То, что он поставил на кон: он здоровье поставил на кон, годы поставил на кон. Что такое делать человеческих птиц? Это огромный жизненный механизм. К этому надо было привыкать, и он привык, и вскоре мир, простирающийся вокруг, выглядел так, будто бы люди с утра просыпались и сразу начинали вырезать человеческих птиц. Мастер забывал, как можно иначе, как получается жить. Снова и снова Виргус входил в мастерскую и брался за победитовый нож.
* * *
Он вышел из самолёта, и тут же зима окружила его плотным ледовитым кольцом, как будто предлагая бракосочетание, и согласны ли вы; зима, которую он хотел бы любить всю свою жизнь, и можете поцеловать невесту – маленькая снежная пыльца опустилась на поверхность его губ. На празднике были деревянные цветы – это сами деревья деревянные, это сами цветы. Он шёл по дороге и чувствовал, как внешние пальцы бегают осторожно по щекам, опознавая чужого человека, и Гилберт старался не вертеть. Вскоре прикосновения отошли: его приняли – так он почувствовал это: меня приняли, и тёплая мелкая дрожь, похожая на счастье, пронзила его целиком.
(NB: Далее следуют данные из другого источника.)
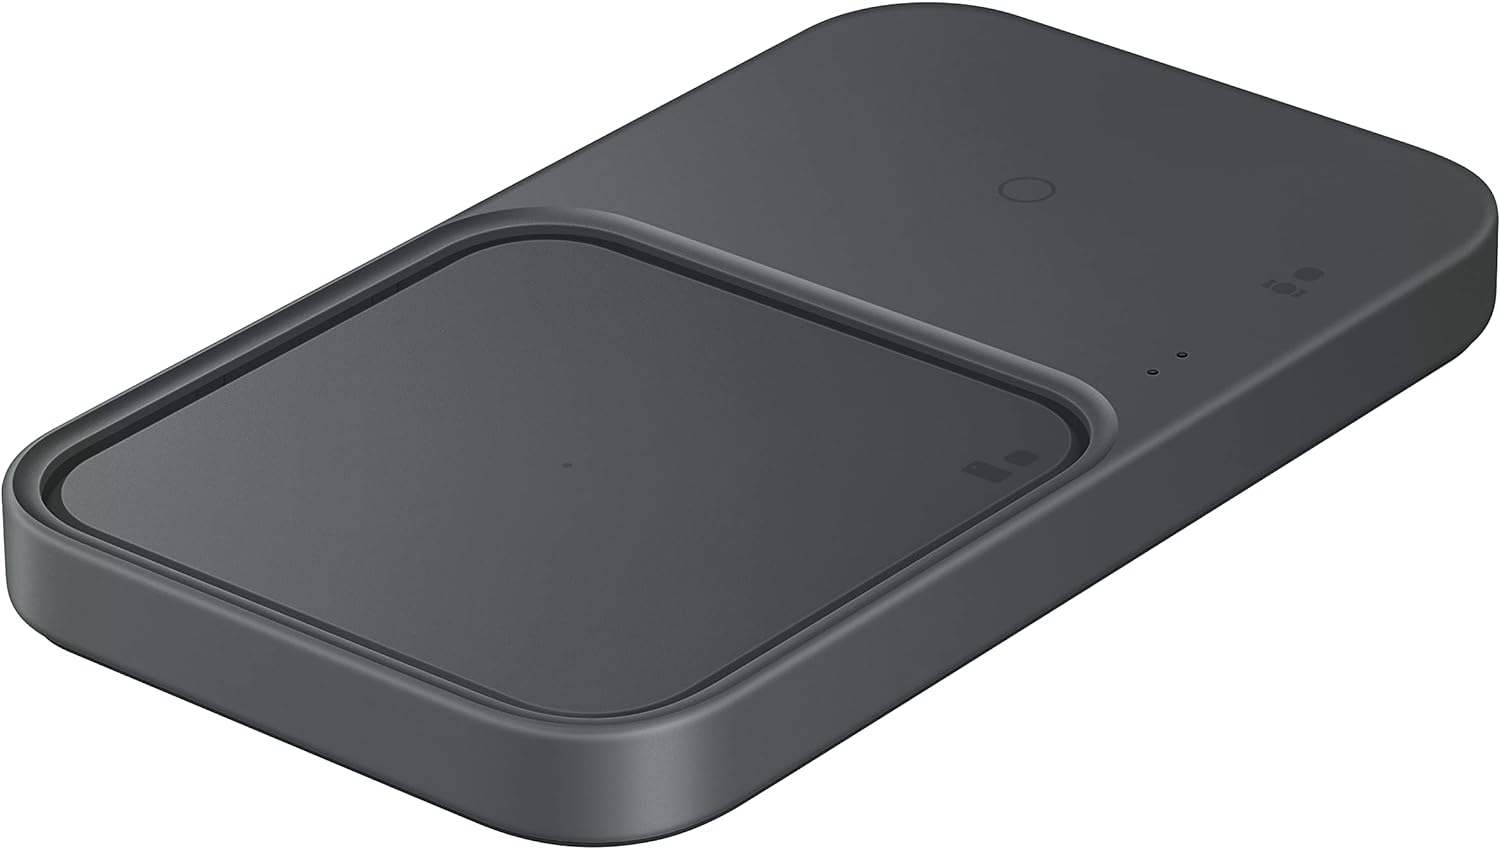 Samsung 15W Duo Fast Wireless Charger Pad - Black (Certified Refurbished)

Всё тут расплачивалось за людей: лес расплачивался, вода расплачивалась, небо расплачивалось, и только гора, как карточный эгоист, притворилась декоративной – гора не расплачивалась, она росла за счёт невостребованной материи, и если кто-то чего-то не успевал, значит, гора уволокла. Этот мир, явленный из миллиарда возможных мест, из каждой звезды, из каждого насекомого как сумма проекций всех жизней: пока эти жизни происходили, мир оставался красив.
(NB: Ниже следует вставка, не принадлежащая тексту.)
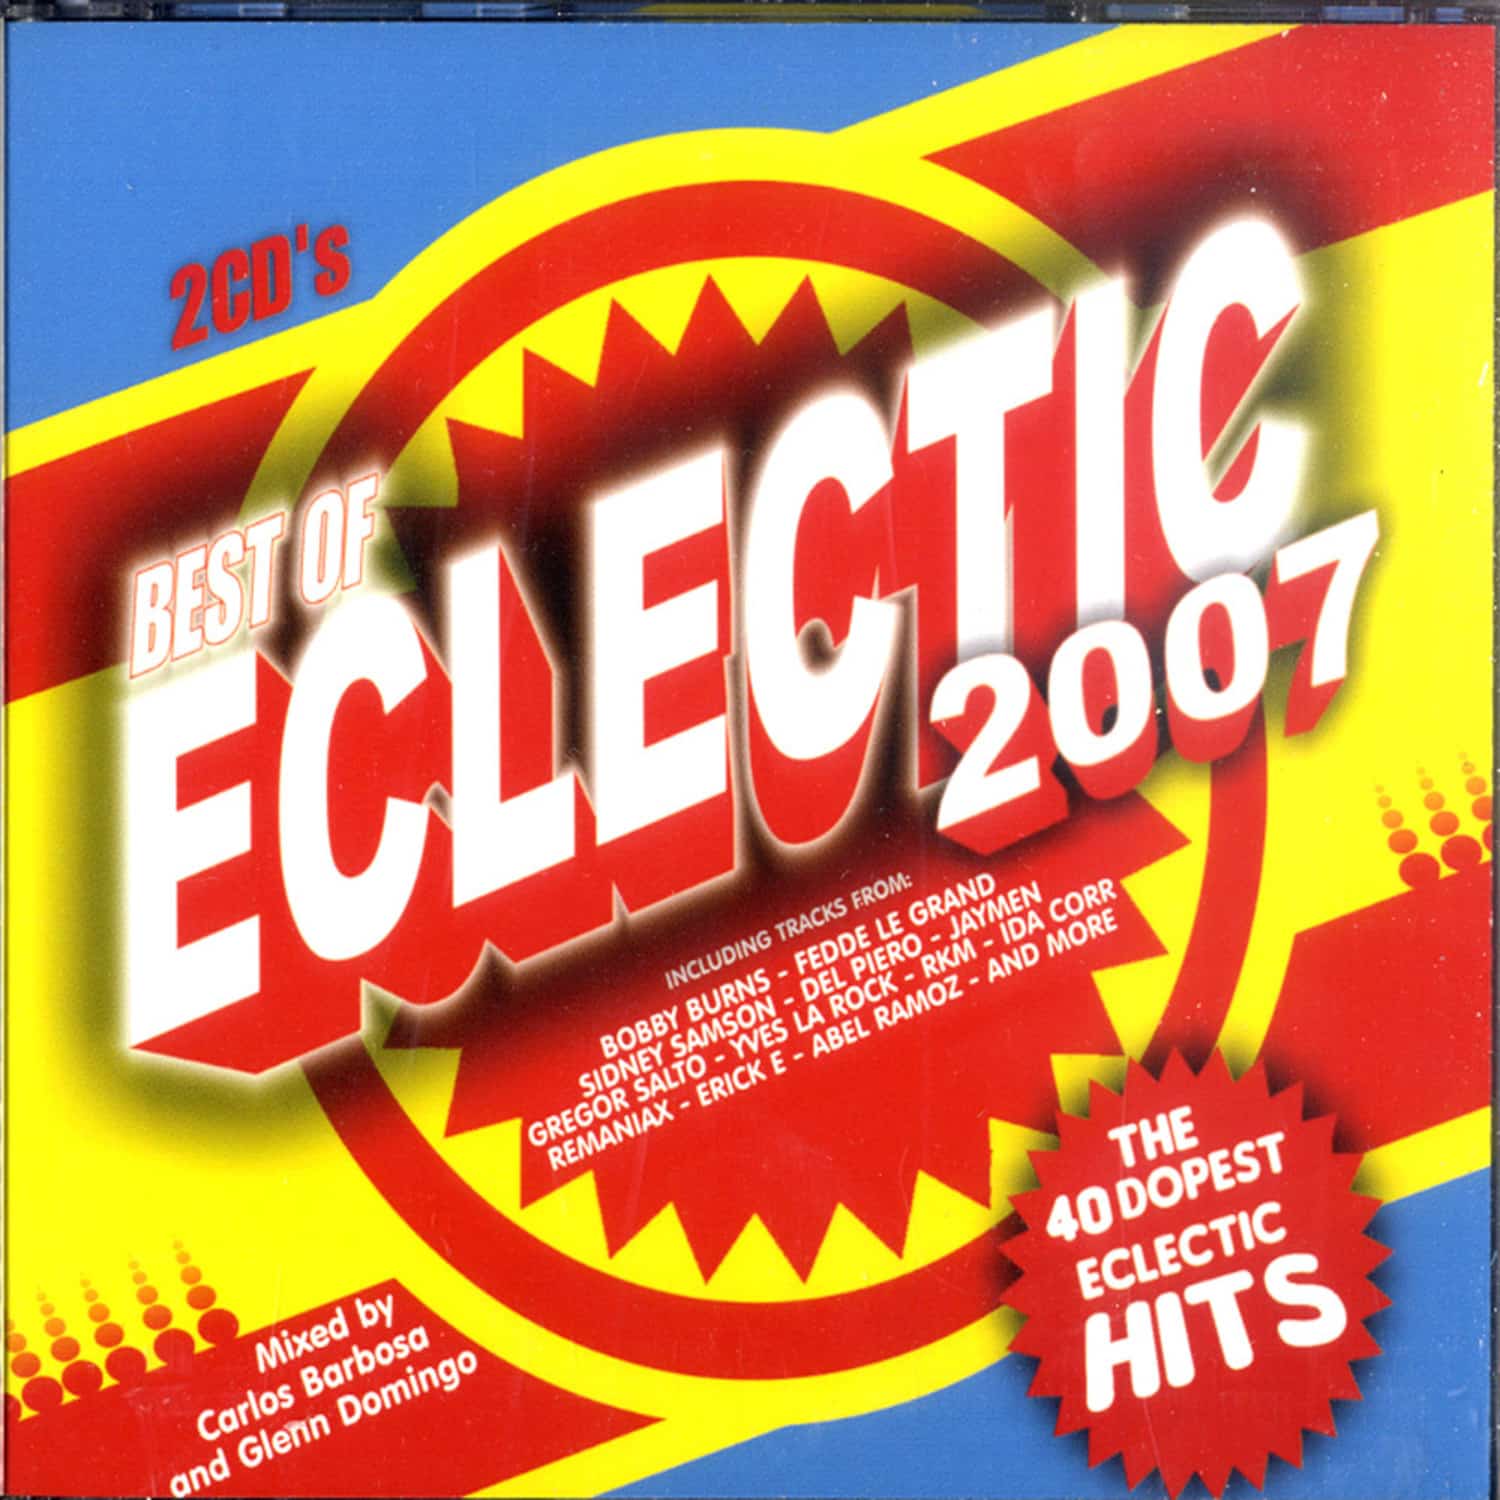 Various Artists - THE BEST OF ELECTRIC 2

Гилберт смотрел на этот снег, взгляды замерзали в узоры и возвращались к нему, падали на лицо, неслись по щеке; снег – это разговор: кто-то говорит, а другие должны помолчать. Снег. Гилберт стоял, прислонившись к холодной глубине снежного шёпота, и не было больше ничего: снег как оболочка для мысли, и только щёки немного разорвало – весь зимний туман забрался к нему в рот и грелся там, боясь выходить за предел. Сам человек не испарился в туман, но поместил его внутрь. Снаружи оставался чистейший загаданный снег, и это то, как философ укрылся от бед, и это то, как он вывернулся, пытаясь раздобыть для себя немного умирания, но не целую смерть.
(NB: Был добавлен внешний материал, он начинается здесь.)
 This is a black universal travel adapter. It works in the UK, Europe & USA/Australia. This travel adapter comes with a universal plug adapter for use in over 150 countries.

Вечер подходил к своему завершению, и Гилберт лежал у пространственного отеля, укутавшийся, лежал на припорошенной траве, исследуя нависающую высоту, где чёрный зодиак дымил огромными загадками пустоты, где бегали космические животные, резвился галактический кит, и человек сжимал свои скулы – только бы приоткрылось забытое дальнее зрение. В детстве он умел так смотреть, но почти не использовал это умение, думая, что животные испугаются его взгляда и убегут. Он верил, что свет как животное: стоит только спугнуть, и окажешься в темноте. Но все эти размышления были теперь позади: больше он не боялся туда посмотреть.
Полночь меняла календари, и Гилберт укутывал себя в тёплую оболочку луны, нёс на руках удивительный свадебный сон и пил его – бережно, только бы не пролить; каждая капля несла в себе содержание жизни. Гость засыпал, и ему снилась счастливая ночь на далёком материке, не отмеченном на множестве карт.
Утром он поднимался и шёл к перспективе воды, туда, где маневрировали установщики овец и на горах повисала гирлянда из оперных звуков. Гилберт наматывал мелодии на виски, и клетки начинали стучать, клетки оживали, словно маленькие сердца, и каждое сердце подрагивало, стоило скалолазу ухватить свою особую ноту.